Ein Lebensarbeitszeitkonto hat das Land Hessen im Jahr 2009 für seine Beamtinnen und Beamten in der Hessischen Arbeitszeitverordnung eingeführt. Auf dem Lebensarbeitszeitkonto wird wöchentlich eine Stunde gutgeschrieben. Das sich daraus ergebende Stundenguthaben können die Beamtinnen und Beamte zu einem späteren Zeitpunkt, in der Regel zusammenhängend unmittelbar vor dem Ruhestandseintritt, in Anspruch nehmen.

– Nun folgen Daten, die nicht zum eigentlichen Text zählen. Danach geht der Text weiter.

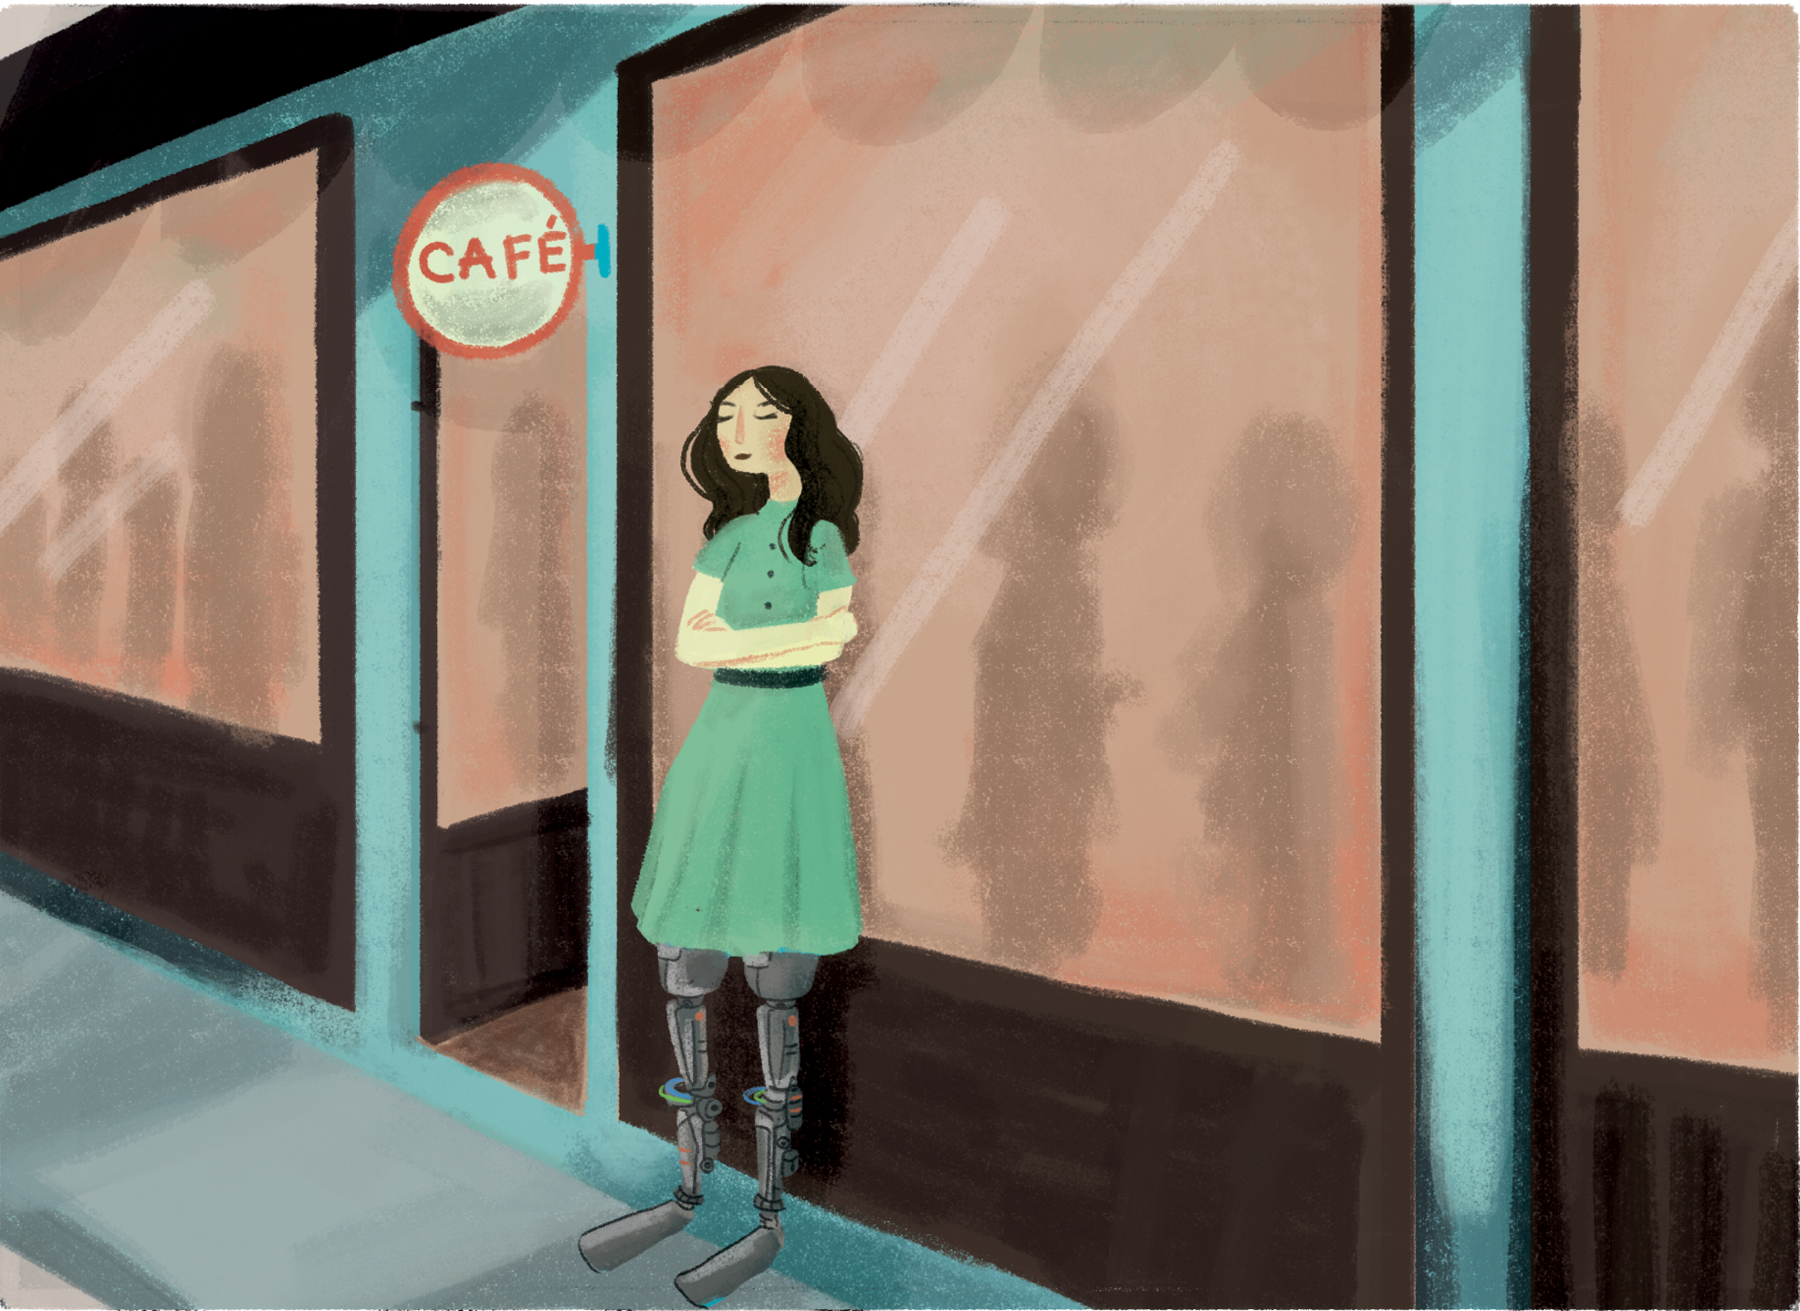 Ilustração. Uma mulher de cabelos pretos, usando vestido verde, que tem duas próteses de metal em lugar das pernas está em pé de braços cruzados em uma calçada. Ela está em frente a uma loja com a placa 'CAFÉ', de costas para a vitrine. Dentro da loja há silhuetas de diversas pessoas em pé conversando.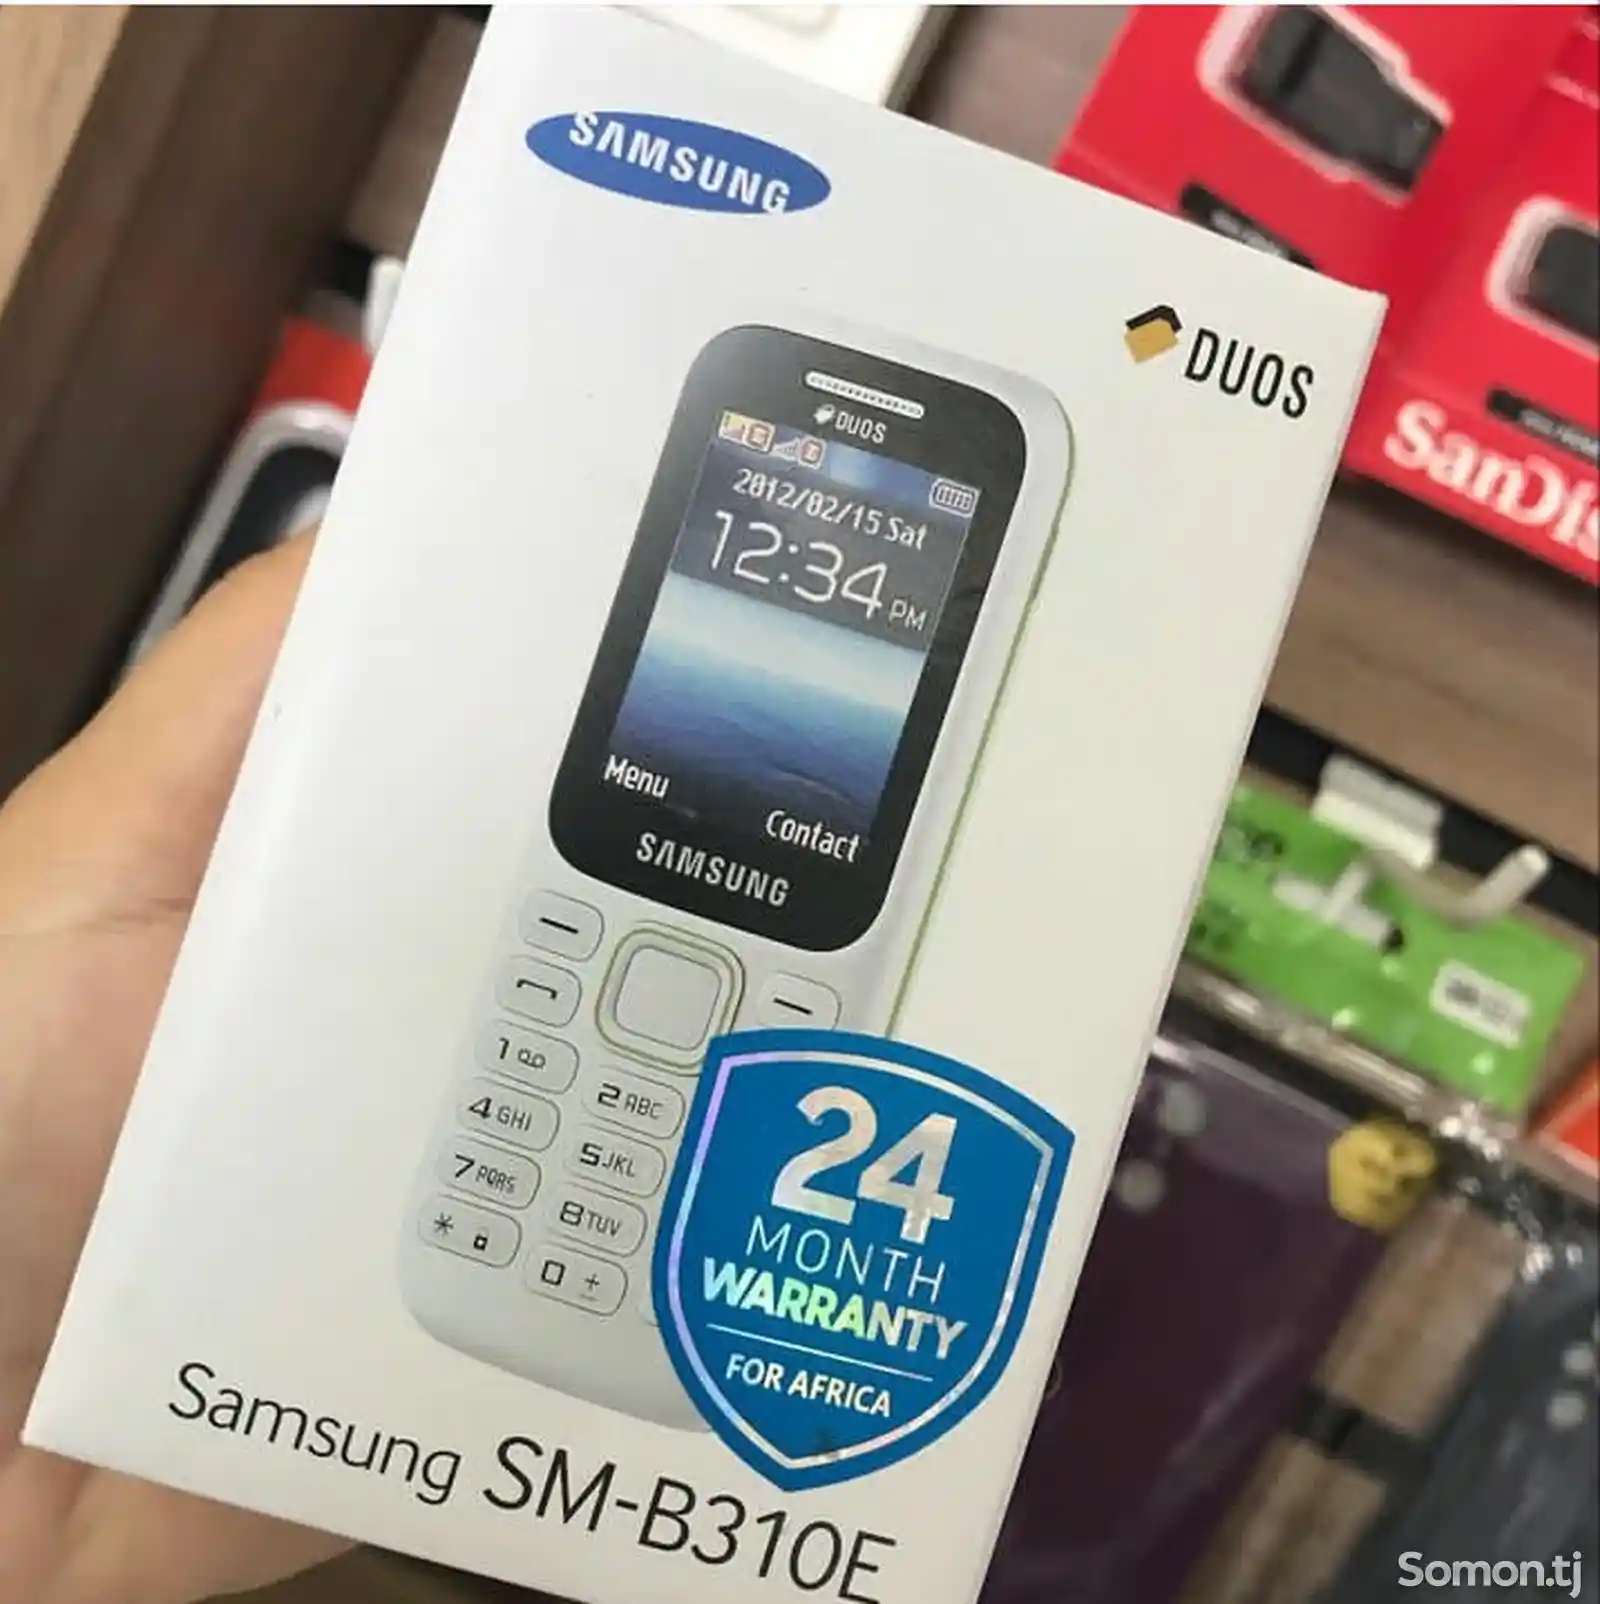 Samsung B310E Duos-3

Die Einführung des Lebensarbeitszeitkontos diente dem Ausgleich der in Hessen für die Beamten vorgeschriebenen im Vergleich zu den Tarifbeschäftigten höheren Wochenarbeitszeit. So betrug bei Einführung des Lebensarbeitszeitkontos die Arbeitszeit der Beamten grundsätzlich 42 Stunden pro Woche, die der Tarifbeschäftigten 40 Stunden. Der Kläger ist hessischer Richter. Er begehrt vom beklagten Land Hessen die Einrichtung eines Lebensarbeitszeitkontos, was das Land für Richterinnen und Richter ablehnt.
Der Hessische Verwaltungsgerichtshof hat – wie zuvor das Verwaltungsgericht Frankfurt am Main – einen Anspruch von hessischen Richterinnen und Richtern auf ein Lebensarbeitszeitkonto verneint.
Die beamtenrechtlichen Regelungen der Arbeitszeit, zu denen auch die das Lebensarbeitszeitkonto betreffenden Vorschriften der Hessischen Arbeitszeitverordnung zählen, finden danach auf Richter keine Anwendung. Der Gesetzgeber hat in Hessen für Richterinnen und Richter keine Arbeitszeit vorgesehen. Die von ihnen zu erbringende Arbeitsleistung bemisst sich vielmehr nach einem Arbeitspensum, das durch den Arbeitsanfall (Bestände und Eingänge) und dessen Verteilung durch das aus Richtern bestehende Präsidium in richterlicher Unabhängigkeit bestimmt wird. Das schließt es aus, die Regelungen über die Einrichtung des Lebensarbeitszeitkontos, die an die Arbeitszeit der Beamtinnen und Beamten anknüpfen, auf Richter unmittelbar oder entsprechend anzuwenden. Auch aus der Verfassung, namentlich dem Gleichheitssatz, ergibt sich nichts anderes. Die Unterschiede zwischen Richtern und Beamten, die den unterschiedlichen Staatsgewalten der Rechtsprechung und der Verwaltung angehören, rechtfertigen unterschiedliche Regelungen der jeweils zu erbringenden Arbeitsleistung und damit auch zur Einrichtung eines Lebensarbeitszeitkontos.
Der Senat hat die Revision zum Bundesverwaltungsgericht wegen grundsätzlicher Bedeutung der Rechtssache zugelassen.